• [Exercise prompt]:
Since only part of the material below is wanted, output exactly the lines from the one with "le par som går" up to and including the one with "Spanien Costa Brava".

• [Data to use]:
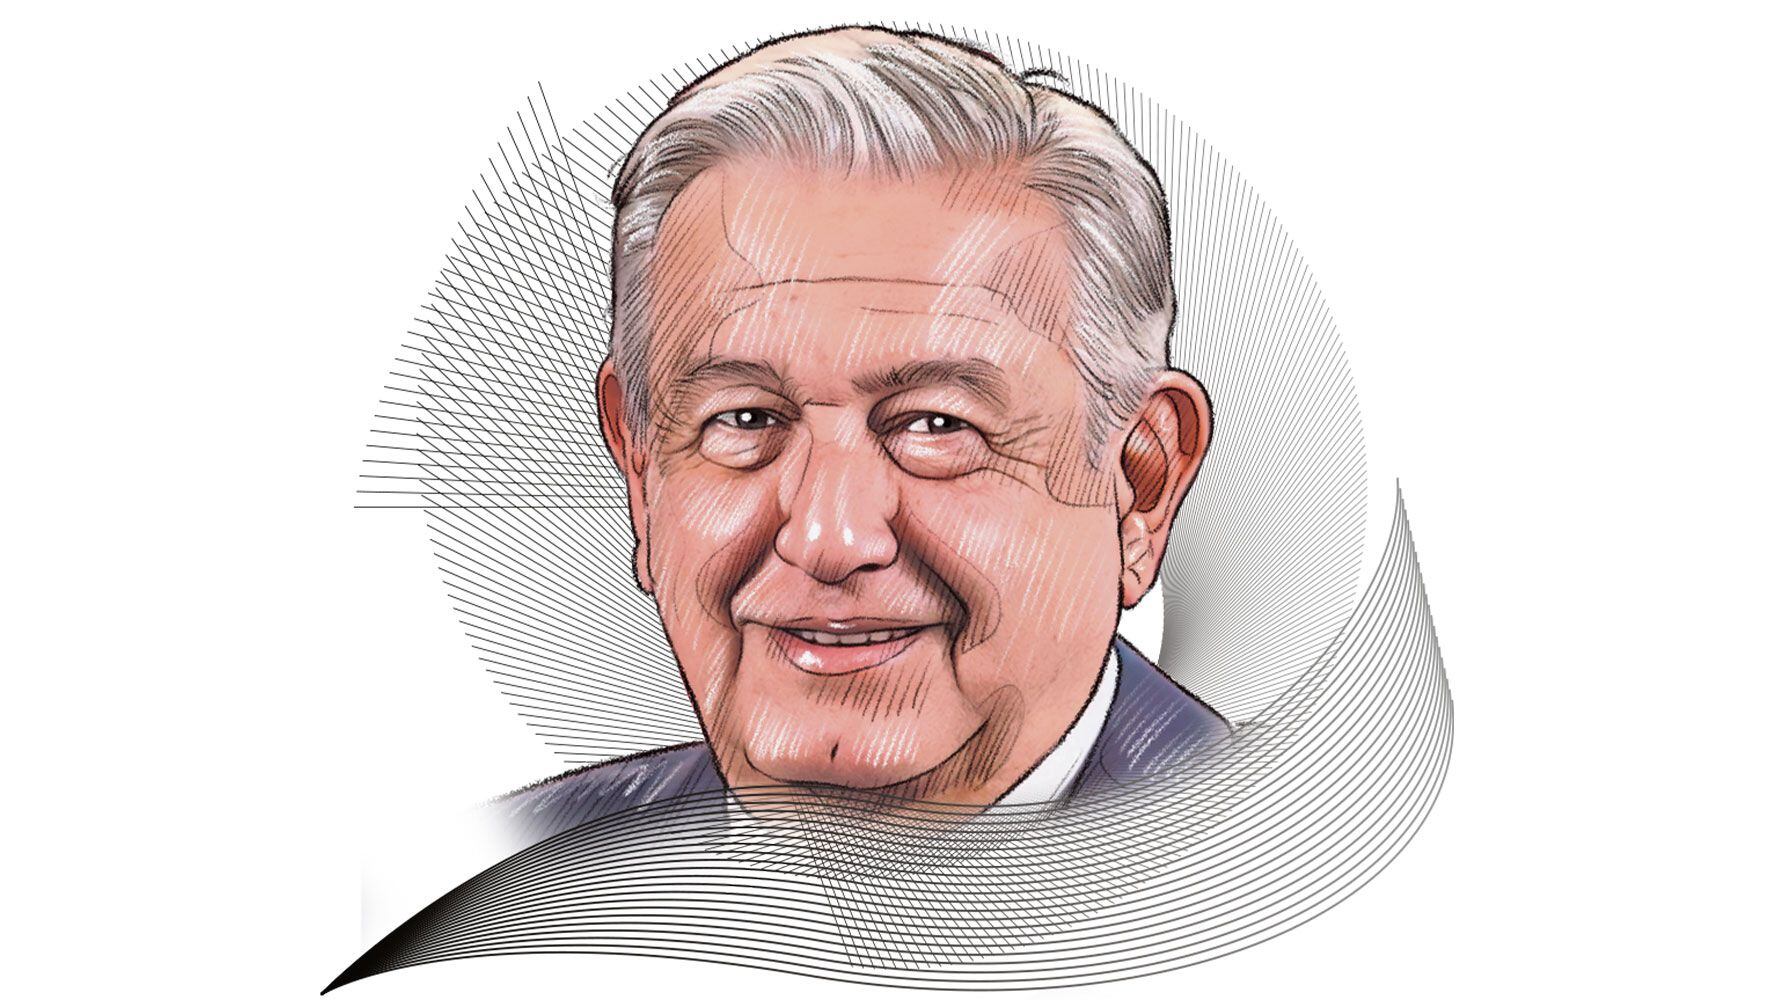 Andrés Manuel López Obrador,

--

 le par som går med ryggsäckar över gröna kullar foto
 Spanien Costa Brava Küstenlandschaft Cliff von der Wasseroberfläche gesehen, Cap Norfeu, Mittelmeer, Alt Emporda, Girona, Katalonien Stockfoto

• [Finished task]:
 le par som går med ryggsäckar över gröna kullar foto
 Spanien Costa Brava Küstenlandschaft Cliff von der Wasseroberfläche gesehen, Cap Norfeu, Mittelmeer, Alt Emporda, Girona, Katalonien Stockfoto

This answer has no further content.